Simply getting to work can be the second-biggest issue. Absent vehicles, unreliable vehicles or a strict bus schedule can make getting back and forth a full-time job in itself.

To provide some assistance, Central Pennsylvania Community Action Inc. has developed the Vehicle Assistance Program. This pilot program, aided by a $150,000 block grant from the Department of Community and Economic Development, seeks to help low-income workers with vehicle purchases and other vehicle issues.

CPCA is partnering with the Center for Community Action and Blair County Community Action to cover Centre, Clearfield, Huntington, Fulton, Bedford and Blair counties.

Funding for these programs is awarded to organizations that want to try innovative programs on a regional scale, CPCA Executive Director Stacy LoCastro said. Many applied for the funding, but CPCA was chosen.
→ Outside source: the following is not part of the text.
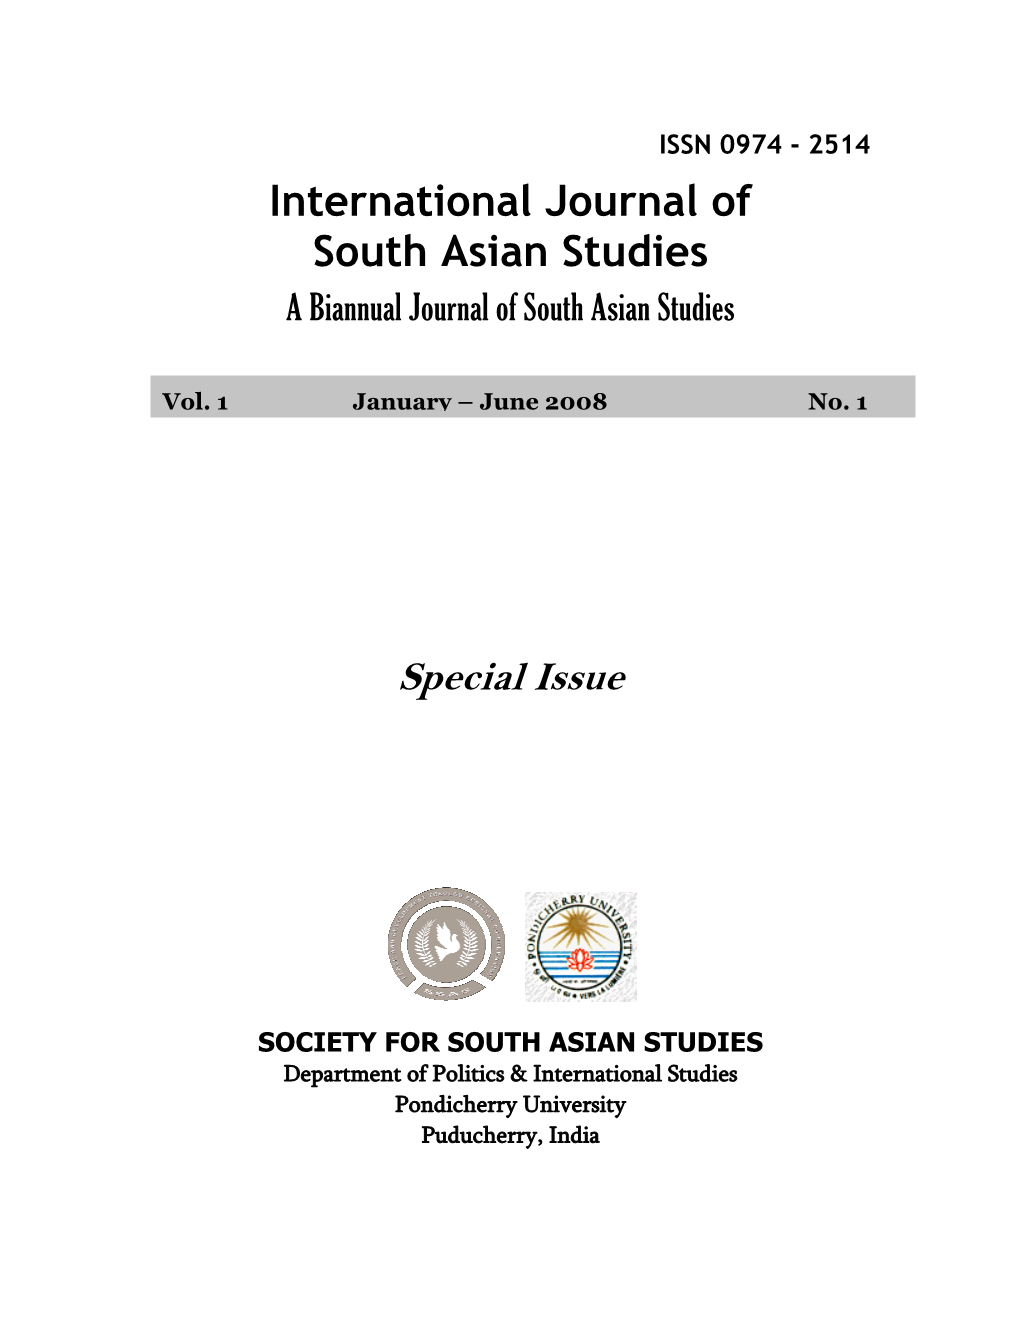 International Journal of South Asian Studies Special Issue

The lack of affordable housing creates longer commuting times, the release said. For Centre County, the average commute time is about 20 minutes. Reliable transportation is necessary to holding jobs due to long commute times.

“There’s still a struggle in this area with people who still have a job or a job offer but are stuck where they are,” LoCastro said. “There’s nothing between Clearfield and Centre counties, and once you’re outside of CATA, there’s not a good system set up.”
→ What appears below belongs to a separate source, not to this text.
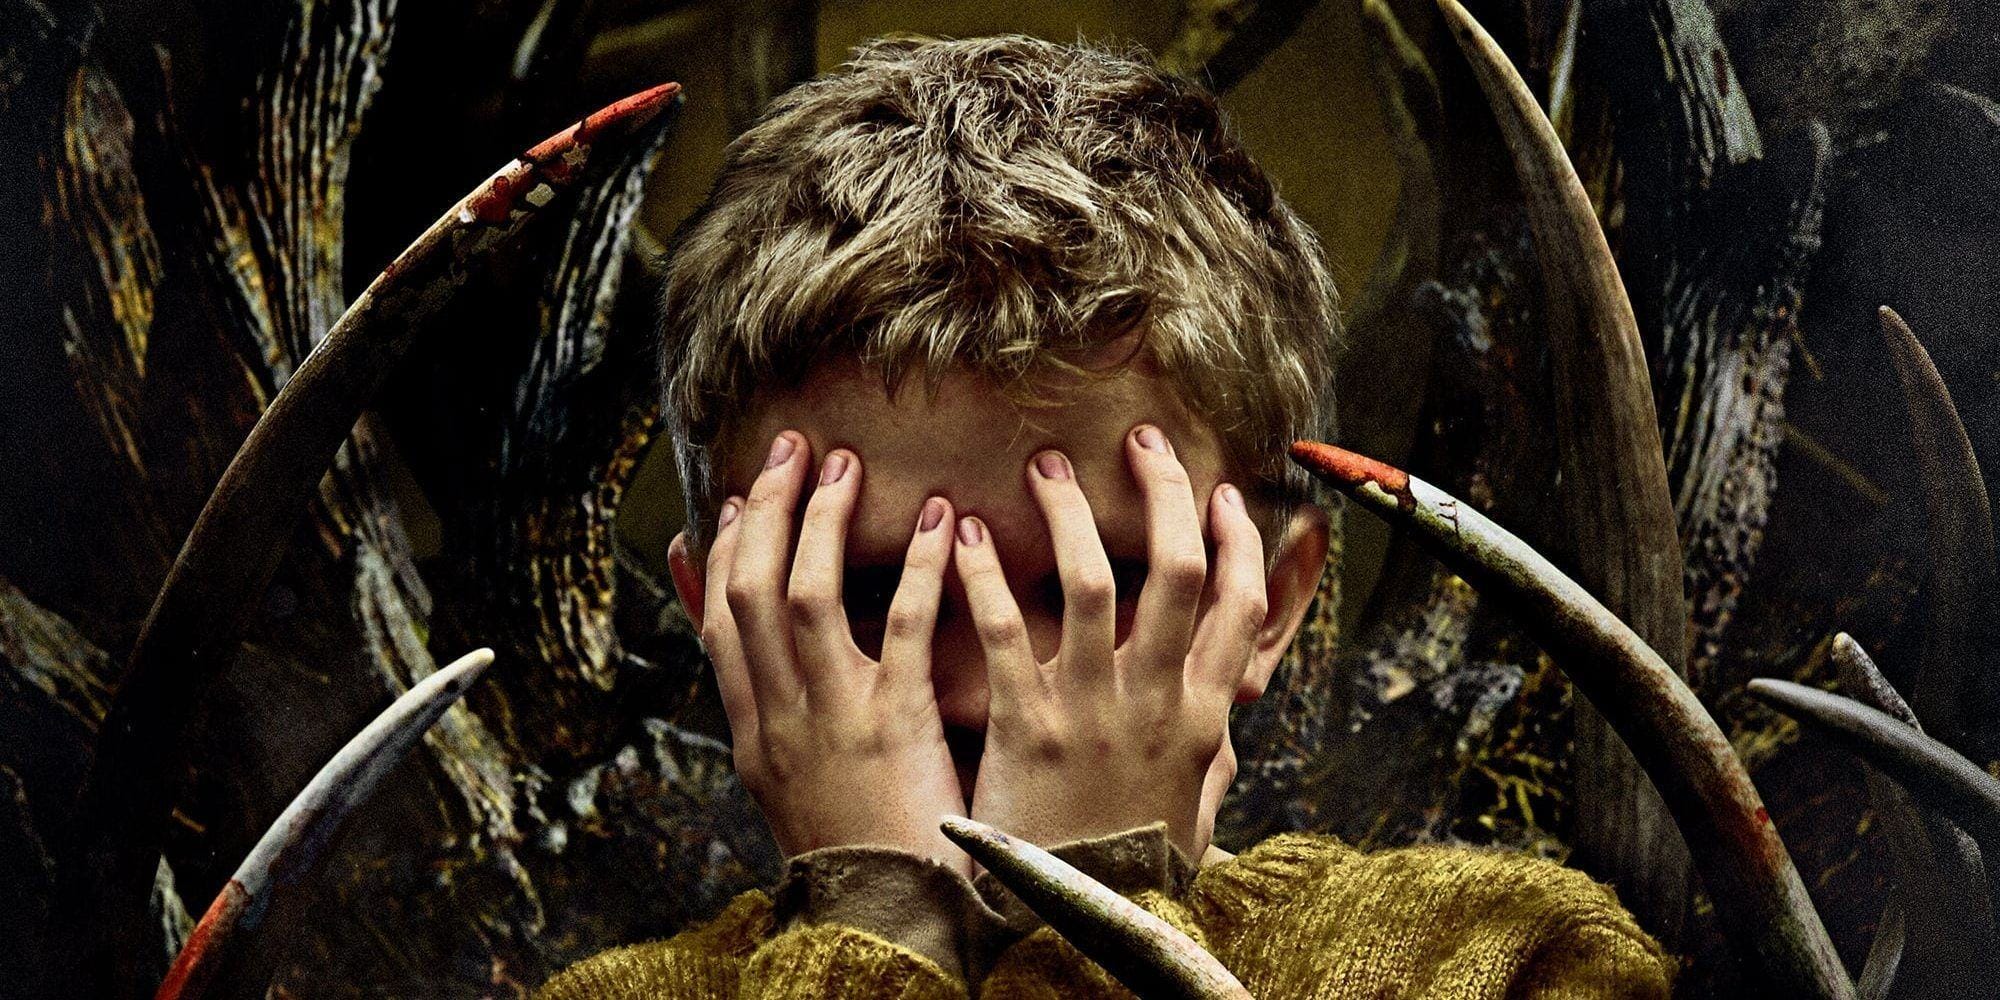 A young boy covering his face in the poster for Antlers

Even those who use public transit have troubles, she said. Although, she said, CATA is a great system, work schedules don’t always mesh with bus schedules, and it would be impossible to accommodate everyone’s needs.

The program will provide an allotment of up to $2,500 to help purchase a vehicle from a certified dealership, $1,000 for larger repairs and up to $50 for necessary services to keep the vehicle running, such as state inspections. CPCA will also work with local banks to provide low-interest loans and with the County Assistance Office, which can provide onetime grants of up to $1,500.

Those applying for grant funds must meet certain requirements. Individuals must be under 125 percent of the poverty line, currently working or have an offer of employment and without any other vehicle in the home.

So far, individuals seeing new vehicles versus vehicles needing repairs is about half and half, employment program coordinator Timothy Finney said. Some who seek funds may not even have a license, and the CPCA is able to work through that issue to help in obtaining permits and licenses.

The $150,000 grant is a one-time fund, and LoCastro said she hopes to find additional funding in the future to keep the program running.

“Trying to find the funding to do things like this anymore is difficult,” she said, “but they are out there.”